The output means is not limited to the CRT display device 12 and the printer 126. For example, it may be output to an external memory such as a magneto-optical disk or may be output to another image processing device. Further, the image memory is 1 in the above embodiment.
Although described as individual pieces, a plurality of image memories may be provided and images may be sequentially stored using an empty image memory.

Further, in this embodiment, the lamp 54 is turned on only when the line sensor 96 is scanned, so that the power consumption is reduced. Further, since the heat generation amount of the lamp 54 is reduced, the cooling system of the lamp 54 can be simplified. It should be noted that the lamp 54 is installed in the scanner 18 and the cartridge
It is possible to turn on when 4 is loaded and turn off when the cartridge 24 is taken out.

[0053]

As described above, according to the first aspect of the present invention, the image read by the scanner is image-processed and then stored in the memory,
While outputting this content to the output means such as a printer, the next frame is searched and a preliminary process for reading the image is performed. The output time becomes extremely short and the work efficiency improves.

Here, the preliminary process may include any one of exposure amount adjustment, black frame detection, magnification setting, image inclination correction, and the like (claim 2).

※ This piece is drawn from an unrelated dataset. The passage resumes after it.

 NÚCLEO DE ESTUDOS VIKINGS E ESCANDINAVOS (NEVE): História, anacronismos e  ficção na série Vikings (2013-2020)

[Brief description of drawings]

FIG. 1 is a diagram showing a usage state of an embodiment of the present invention.

FIG. 2 is a perspective view of a scanner used here.

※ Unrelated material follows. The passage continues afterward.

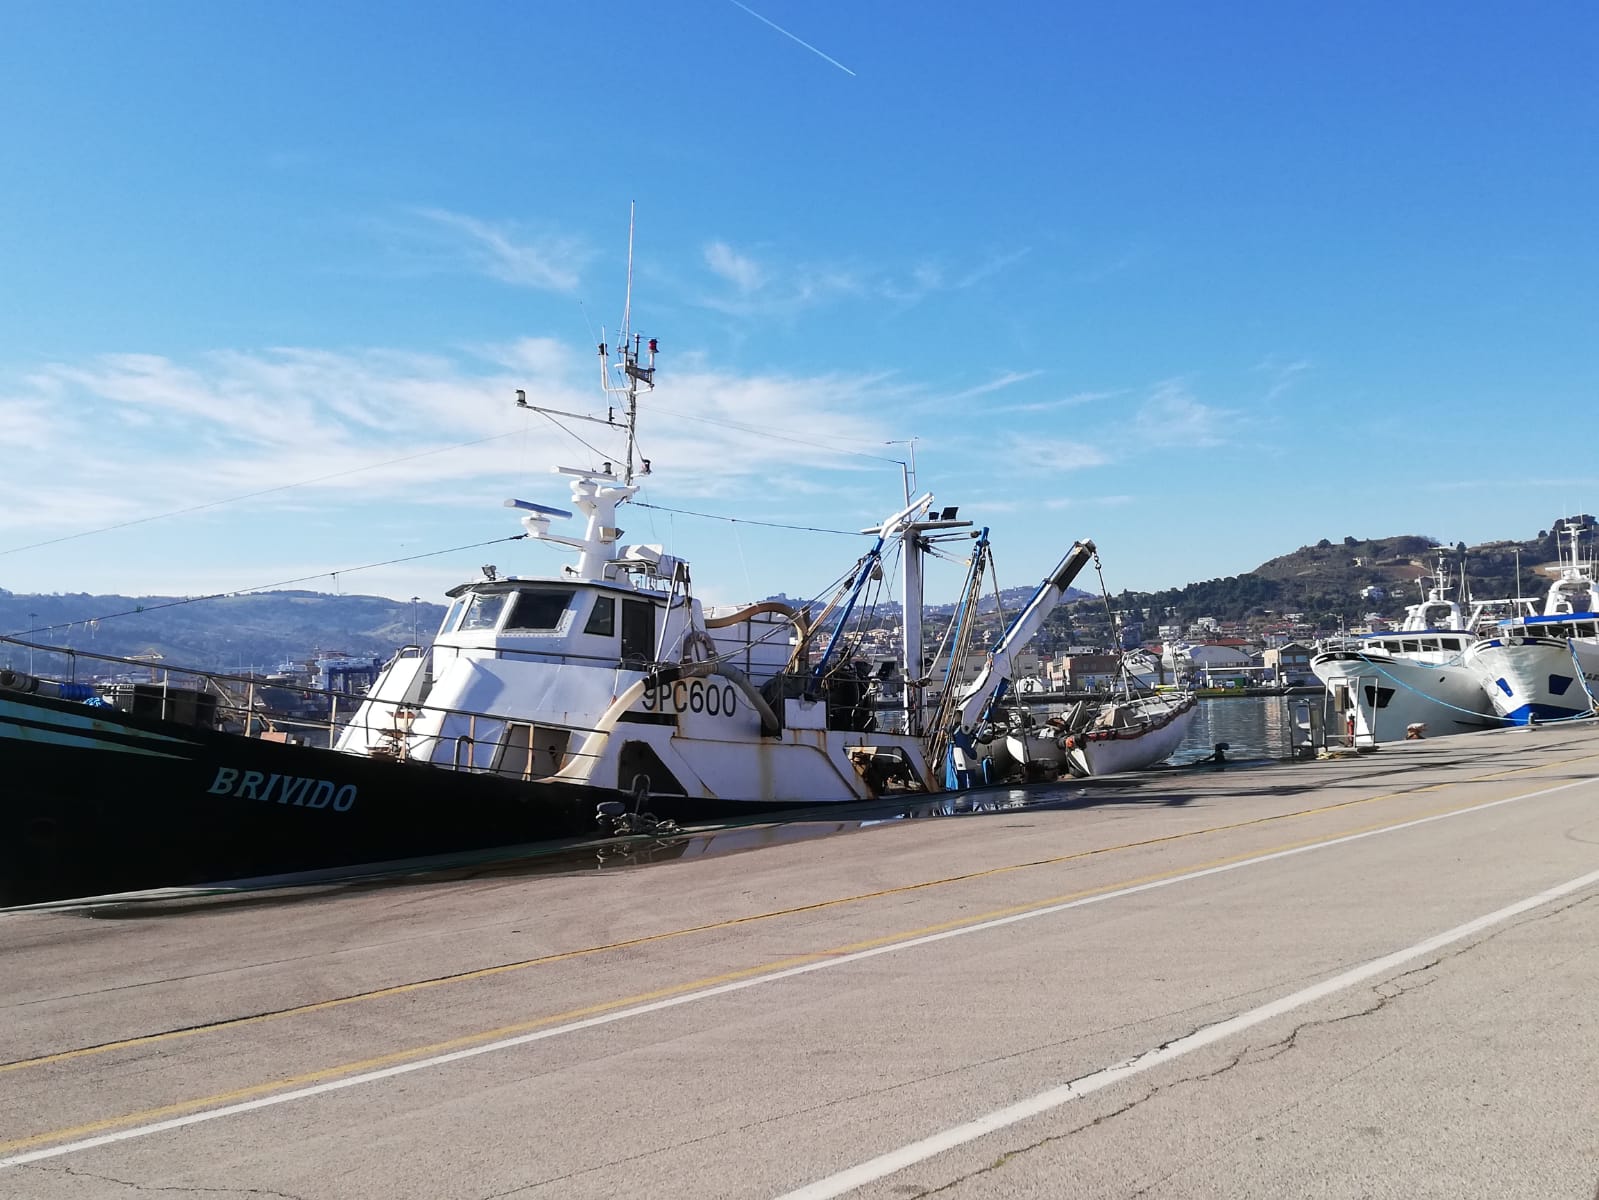 Colpo al porto di San Benedetto, ladri in due imbarcazioni

FIG. 3 is a side view of the same main part.

FIG. 4 is a perspective view showing a line sensor driving unit.

FIG. 5 is a block diagram showing a control system.

[Fig. 6] Flow chart of overall operation

[Fig. 7] Operation flow chart of preliminary scan

[Fig. 8] Operation flow chart of main scan

[Explanation of symbols]

 10 computer main body 12 CRT display device as an example of output means 18 scanner 20 printer 24 cartridge 26 microfilm 52 light source part 54 lamp 64 line sensor drive part 66 projection lens 88 stepping motor for line sensor feeding 96 CCD line sensor 100 CPU 102 Search Control Means 108 Scan Control Means 112 Black Frame Detection Means 114 Tilt Detection Means 116 Tilt Correction Means 118 Image Processing Means 119 Image Memory 120 Image Magnification Setting Means 122 Light Quantity Adjusting Means 124 Blip Position Correcting Means 126 Printers as Output Means

Claims (2)

[Claims] 1. A scanner for retrieving a target frame from a microfilm and reading the image by an image sensor,
In a method of controlling a microfilm reader including this read image output means, the image read by the scanner is subjected to predetermined image processing and then stored in a memory, while the contents of this memory are output to the output means. A method of controlling a microfilm reader, characterized by performing a preliminary process for retrieving a next target frame and reading an image of the target frame while the same. 2. The method of controlling a microfilm reader according to claim 1, wherein the preliminary processing includes any one of adjustment of an exposure amount for an image of a target frame, detection of a black frame, setting of magnification, and correction of inclination of an image.